Pick out each line in these entries that contains the string "Image".

[Records excerpted from a collection]
[Start of section]

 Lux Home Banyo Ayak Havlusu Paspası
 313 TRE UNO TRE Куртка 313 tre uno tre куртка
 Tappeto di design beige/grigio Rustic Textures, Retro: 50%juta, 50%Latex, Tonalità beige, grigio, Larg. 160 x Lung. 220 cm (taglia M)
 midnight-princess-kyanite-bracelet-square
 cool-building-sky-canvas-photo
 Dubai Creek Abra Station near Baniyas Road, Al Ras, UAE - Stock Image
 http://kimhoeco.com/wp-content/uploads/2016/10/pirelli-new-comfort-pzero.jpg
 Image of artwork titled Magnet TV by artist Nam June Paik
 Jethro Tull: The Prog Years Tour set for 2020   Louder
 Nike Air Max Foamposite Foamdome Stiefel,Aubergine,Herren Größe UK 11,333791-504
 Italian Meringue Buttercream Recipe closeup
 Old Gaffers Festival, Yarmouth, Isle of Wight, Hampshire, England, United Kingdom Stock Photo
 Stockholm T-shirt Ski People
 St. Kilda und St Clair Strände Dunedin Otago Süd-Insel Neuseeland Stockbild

[End of section]

**Response to this exercise:**
 Dubai Creek Abra Station near Baniyas Road, Al Ras, UAE - Stock Image
 Image of artwork titled Magnet TV by artist Nam June Paik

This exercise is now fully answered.